• [Your task]:
Beginning with the line that holds "Photographer: Juergen Teller", set down each line of the data below through the very last, exactly as given, and nothing beyond that.

• [Material provided]:
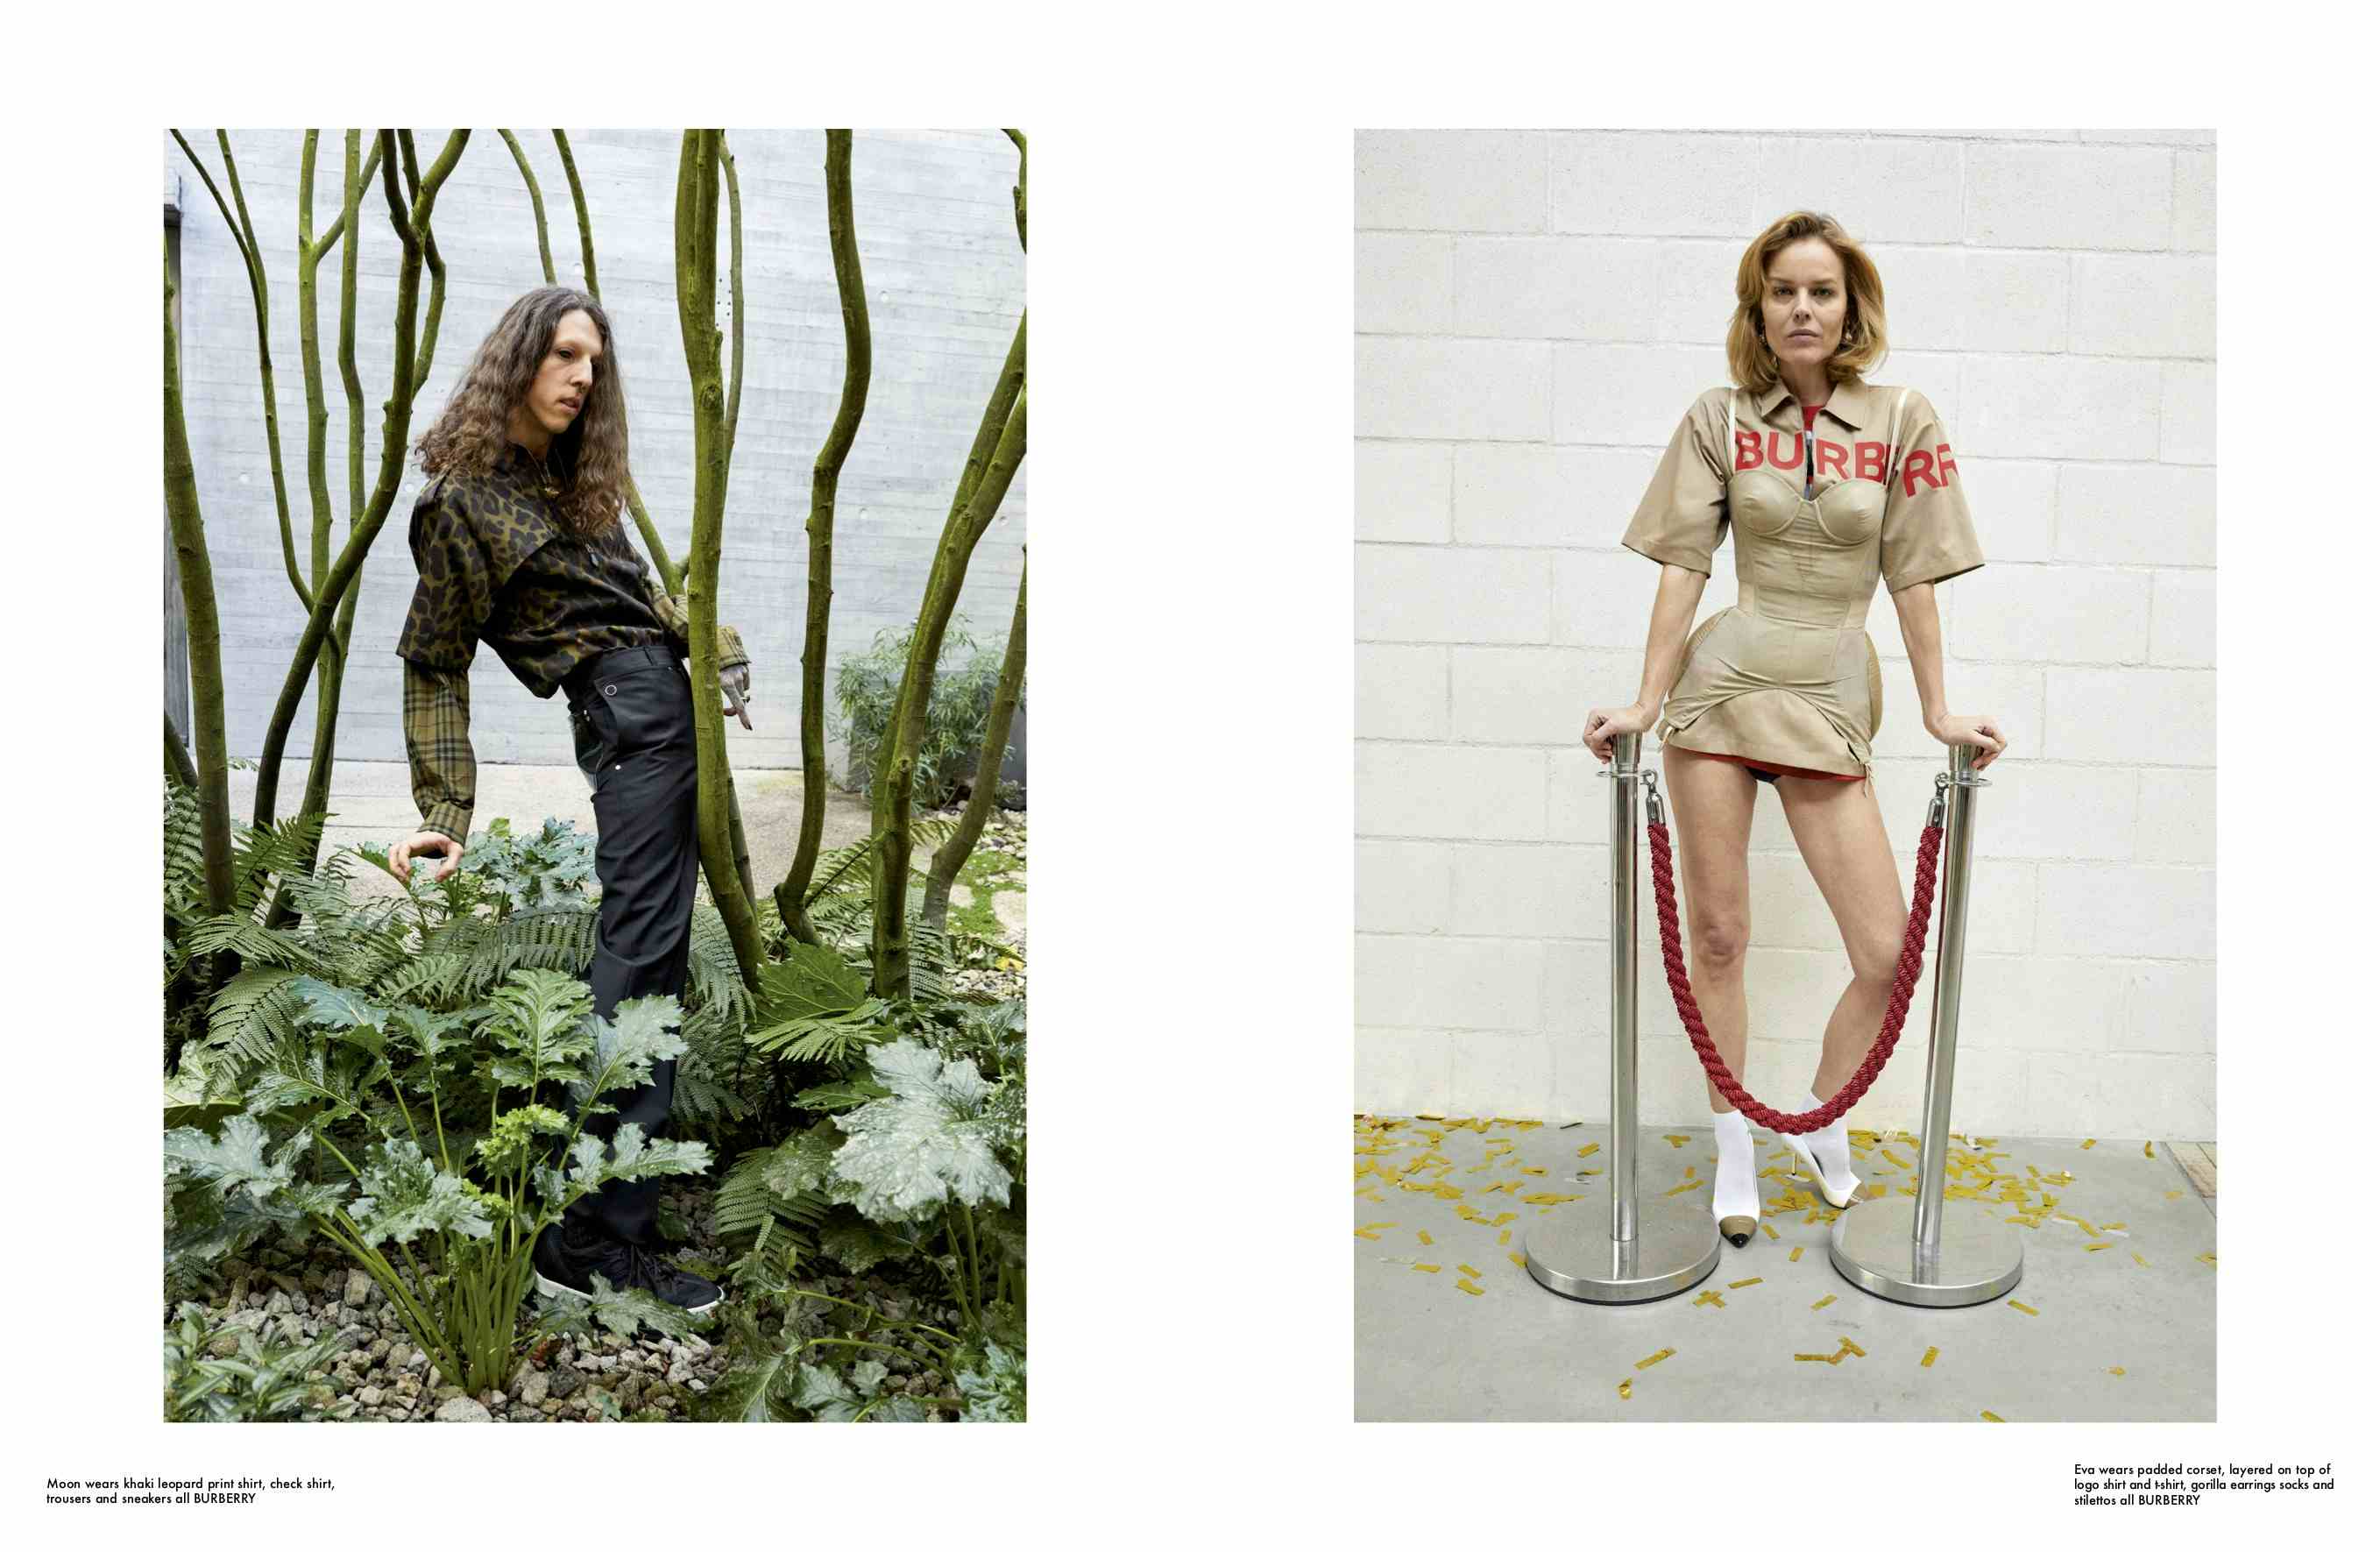 RE-EDITION - Burberry Special SS 2019
Photographer: Juergen Teller
Model: Eva Herzigová, Lily McMenamy, Riccardo Tisci, 
Location: London

• [Task output]:
Photographer: Juergen Teller
Model: Eva Herzigová, Lily McMenamy, Riccardo Tisci, 
Location: London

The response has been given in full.